### Activity
Copy, please, the line with "Buy Essence Hardware" and each line that follows it through the end of the data below, exactly as given and without pictures.

### Supplied material
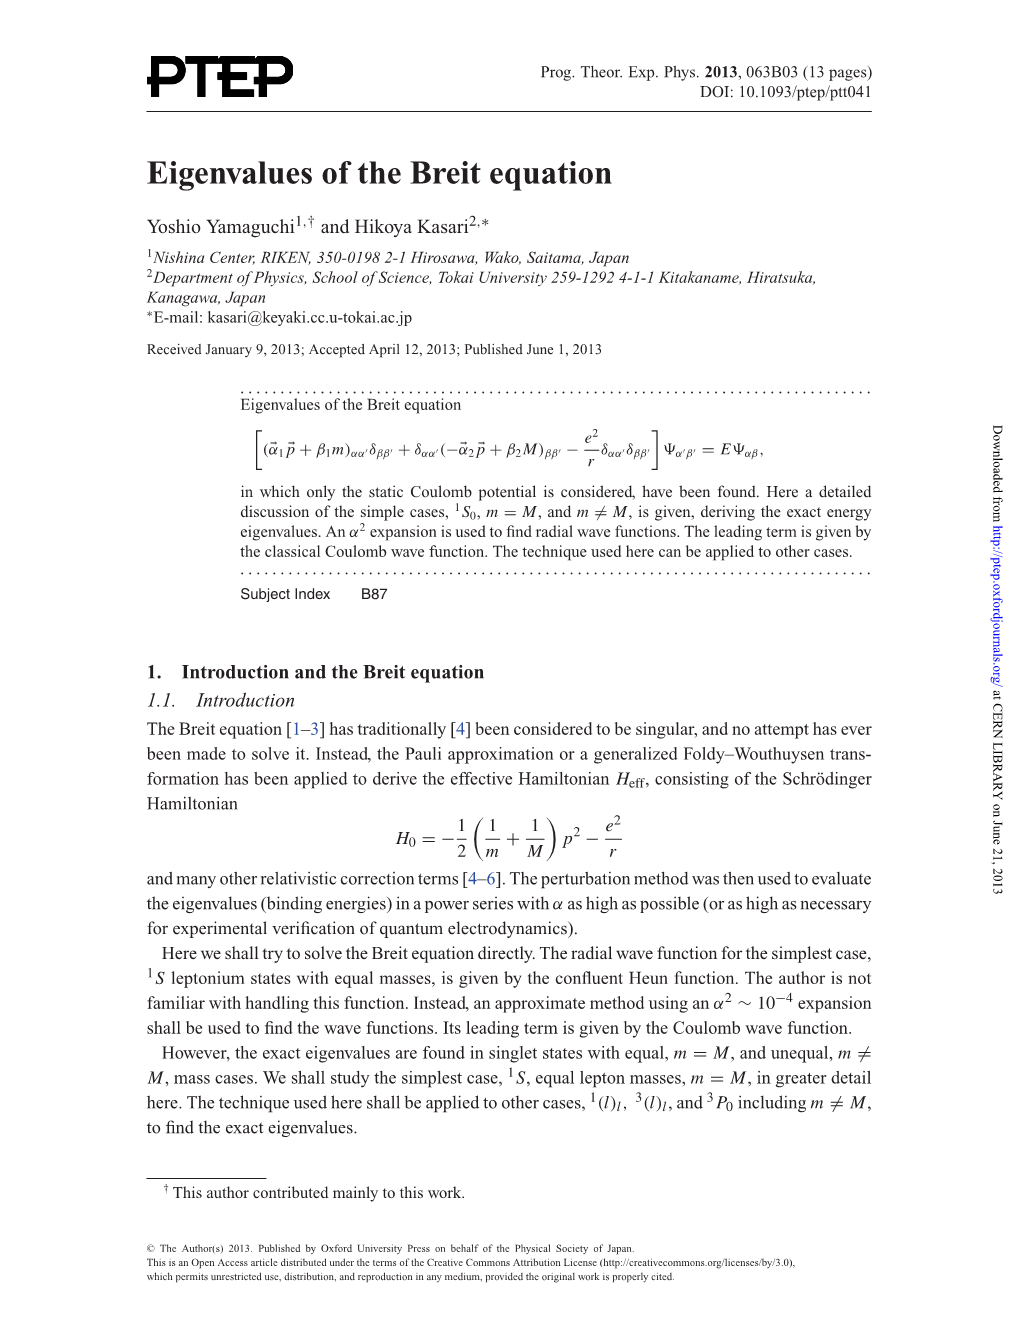 Eigenvalues of the Breit Equation
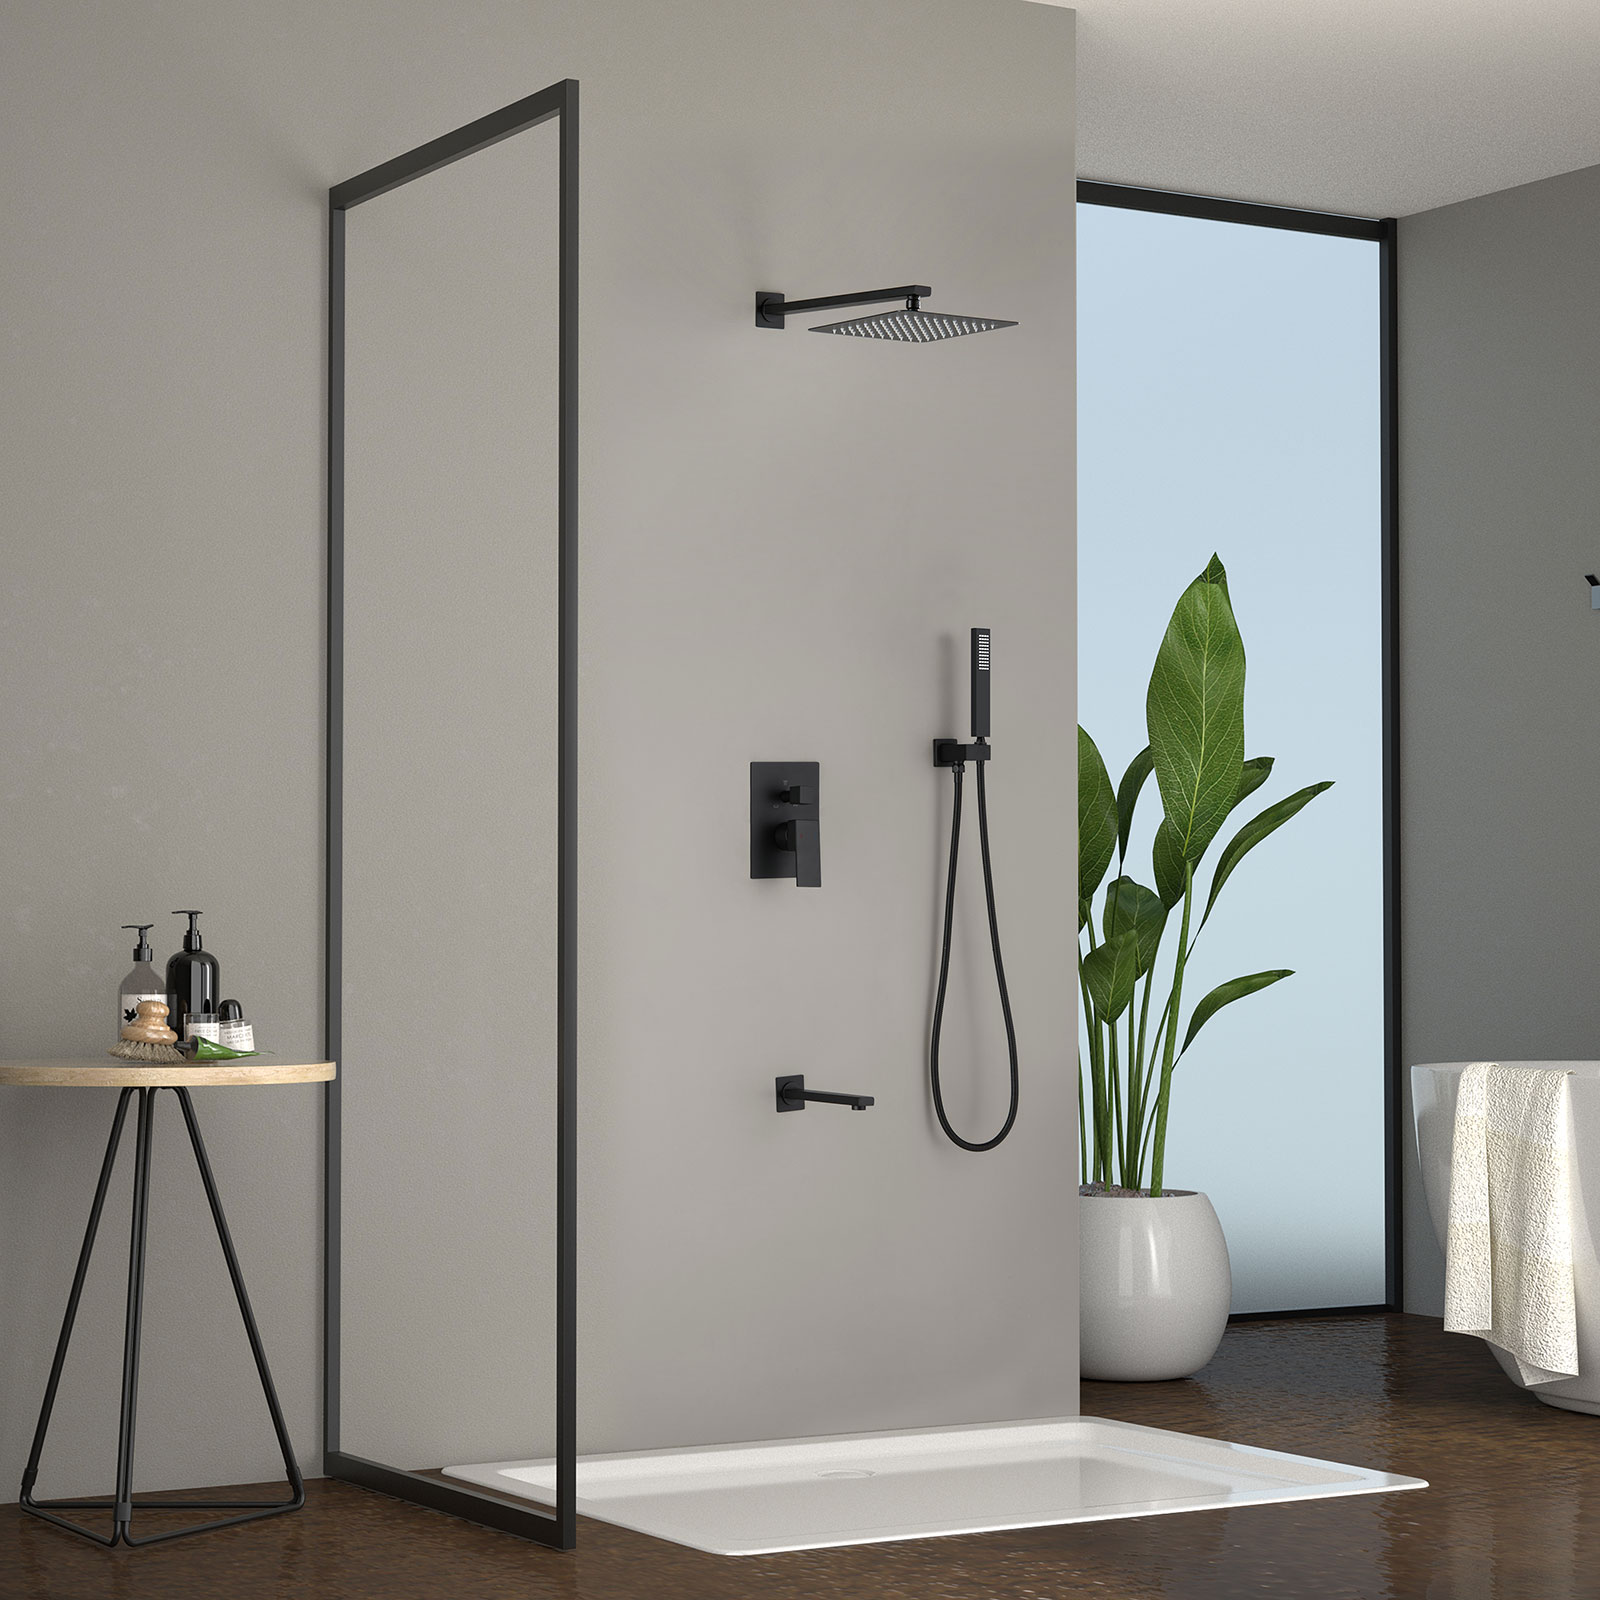 Buy Essence Hardware Trinity River Shower System with Rainfall Shower ...
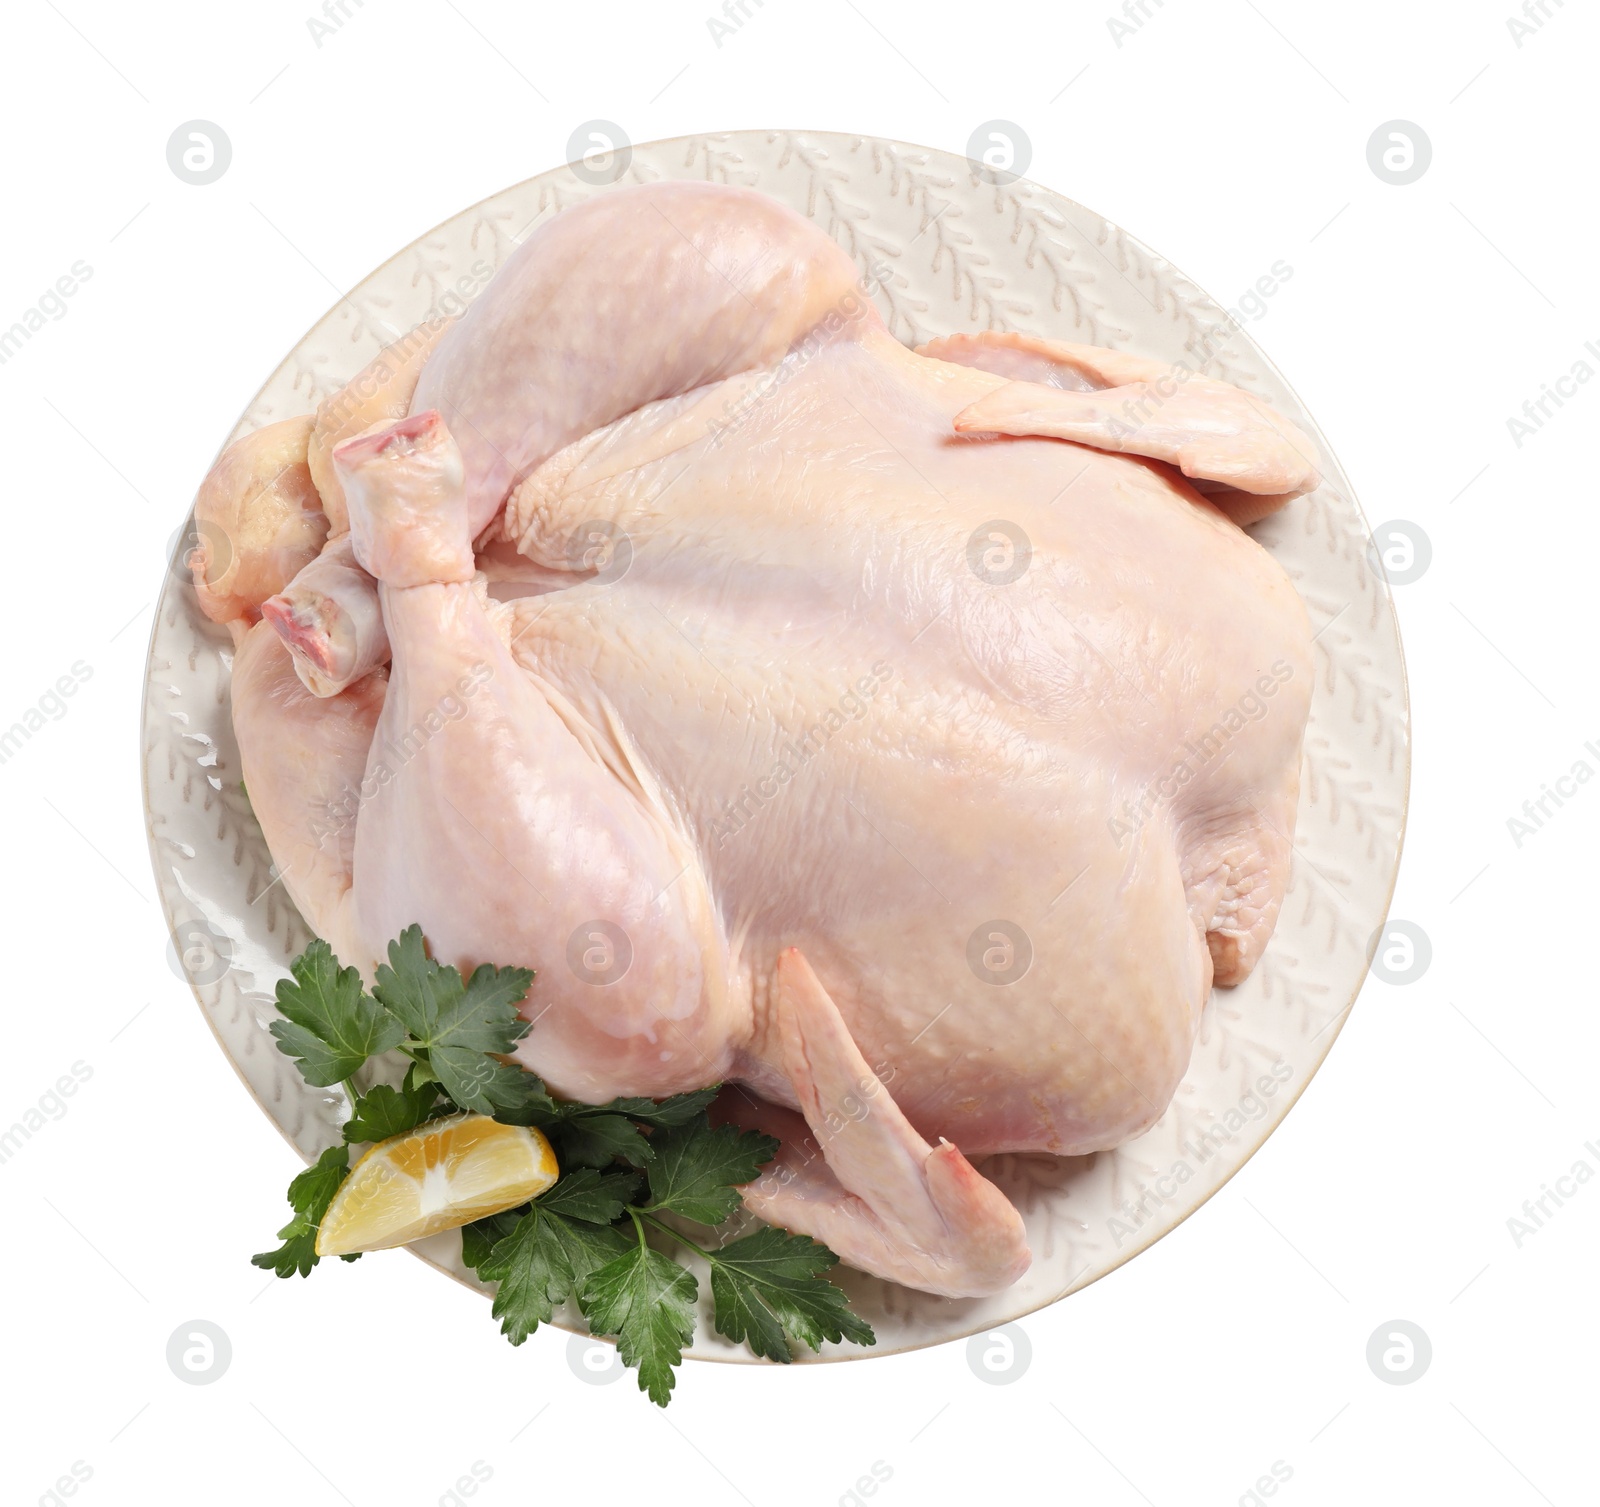 Photo of Fresh raw chicken with lemon and parsley isolated on white, top view

### Solution for this exercise
 Buy Essence Hardware Trinity River Shower System with Rainfall Shower ...
 Photo of Fresh raw chicken with lemon and parsley isolated on white, top view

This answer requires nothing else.